Hang on, better: each pipeline stage isn't _really_ just a struct sh_arg, that's just one of the members. I can add another member to annotate each statement with "start of flow control", "flow control change", and "end of flow control" on the first pass. (The "change" ones are needed because "if one; two; three; then" can have multiple statements belonging to the "test" part before you get to the "perform conditionally" part, let alone else and elif and such.) Which means I don't have to re-call the flow control function, the information goes into the pipeline list. And I can ask a simpler question in the flow_control() function: is this WORD a flow control statement or not, yes/no, and then have the pipeline assembly use the result by noticing the stack got deeper (or have the function return the 3 categories in the return code).

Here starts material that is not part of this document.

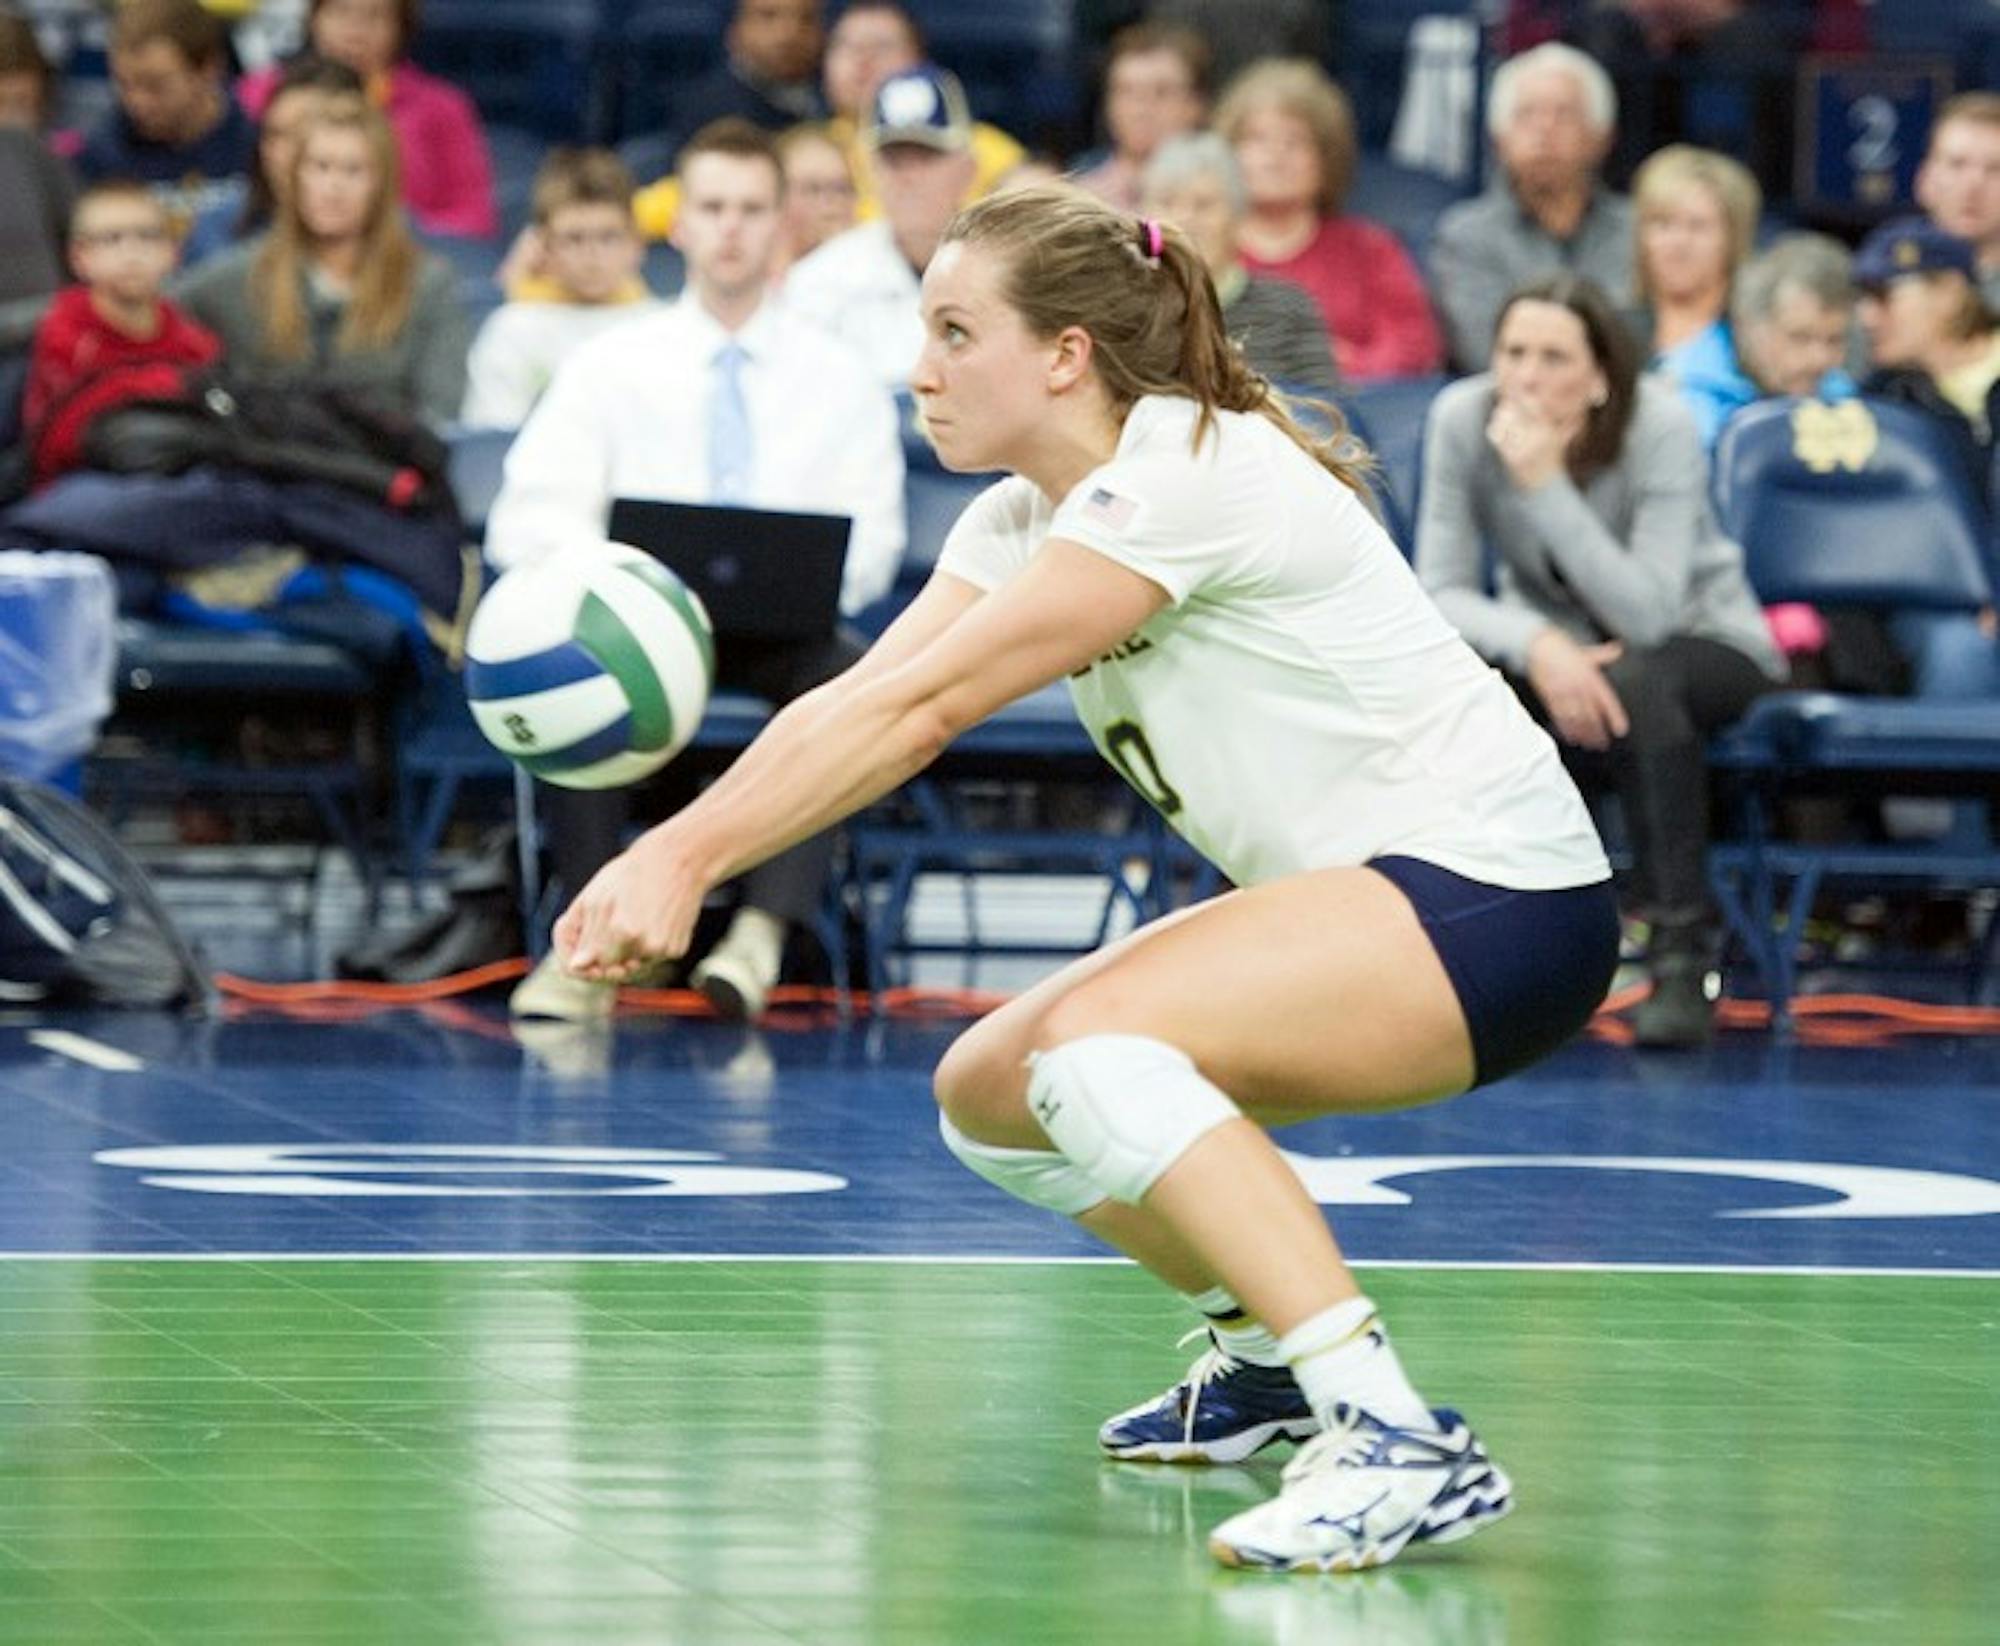 Irish senior libero Kathleen Severyn digs the ball during Notre Dame’s 3-0 loss to Pittsburgh on Friday at Purcell Pavilion.
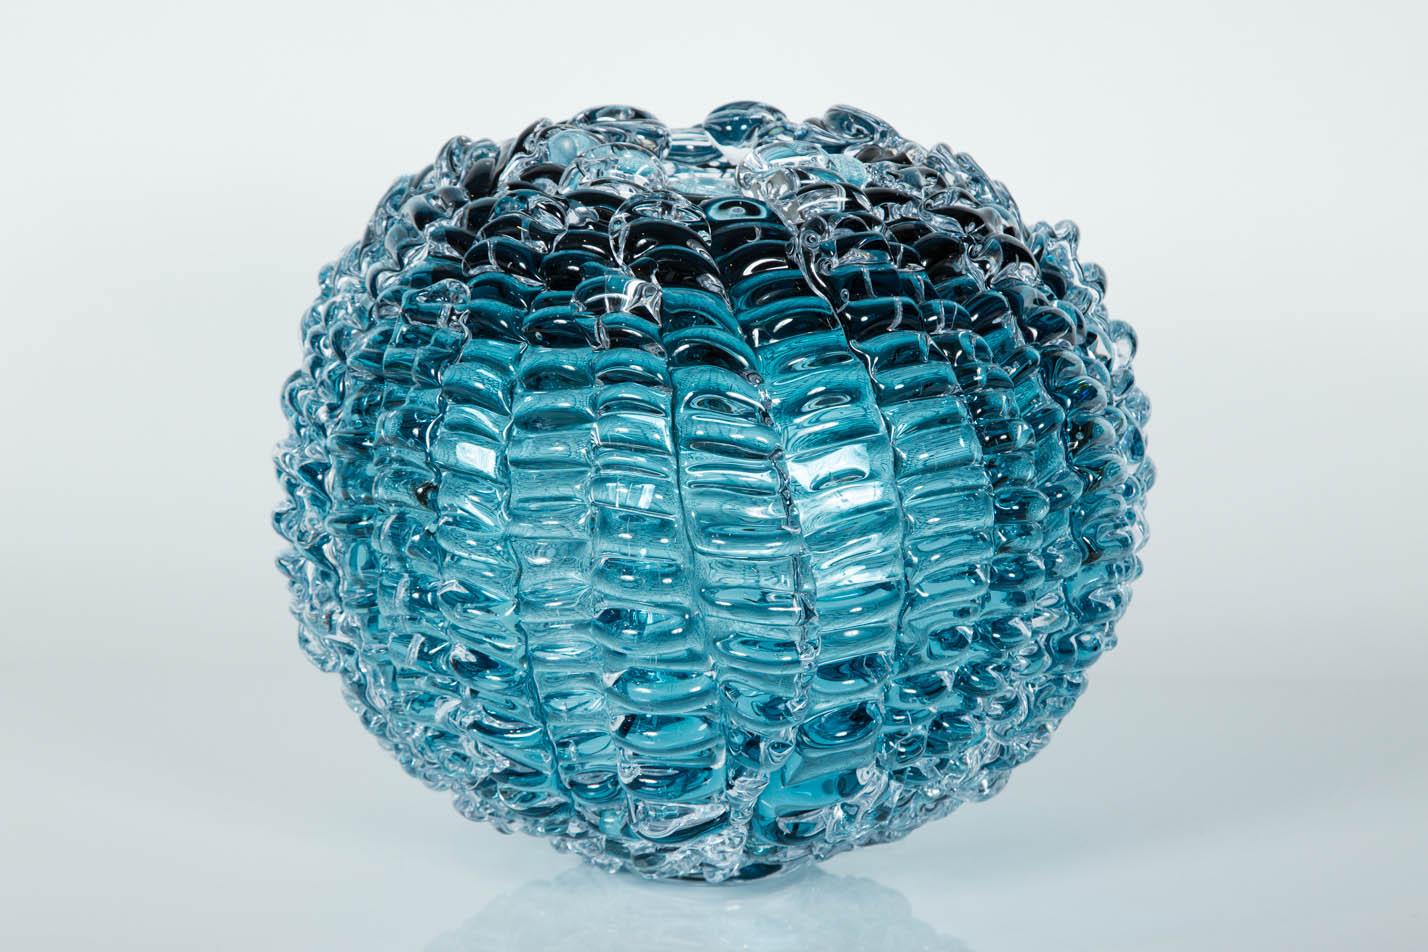 Hand-Crafted Echinus in Steel Blue, a blue glass centrepiece & sculpture by Katherine Huskie

Except I can't. And the reason it doesn't work is functions: "function walrus() {" is either 4 or 5 words depending on whether you say "function", and it can even have a newline between the ")" and the "{", but _can't_ have a newline before either of the parentheses. I have special case logic in the flow control to handle this now, but the function name, (, and ) get parsed into 3 seperate words before this (kinda necessary: any or all of them could have spaces before or after them, or neither, they count as "control characters" and thus become their own words). To be a function, they MUST come in sequence on the same line (except the { can optionally be a later line, but no _other_ words can come between them. Violating this is a syntax error, and yes "thing();{" is allowed but "thing()&{" is a syntax error, remind me to add a test for that. The difference between "newline" and "semicolon" is pretty darn fuzzy at times.)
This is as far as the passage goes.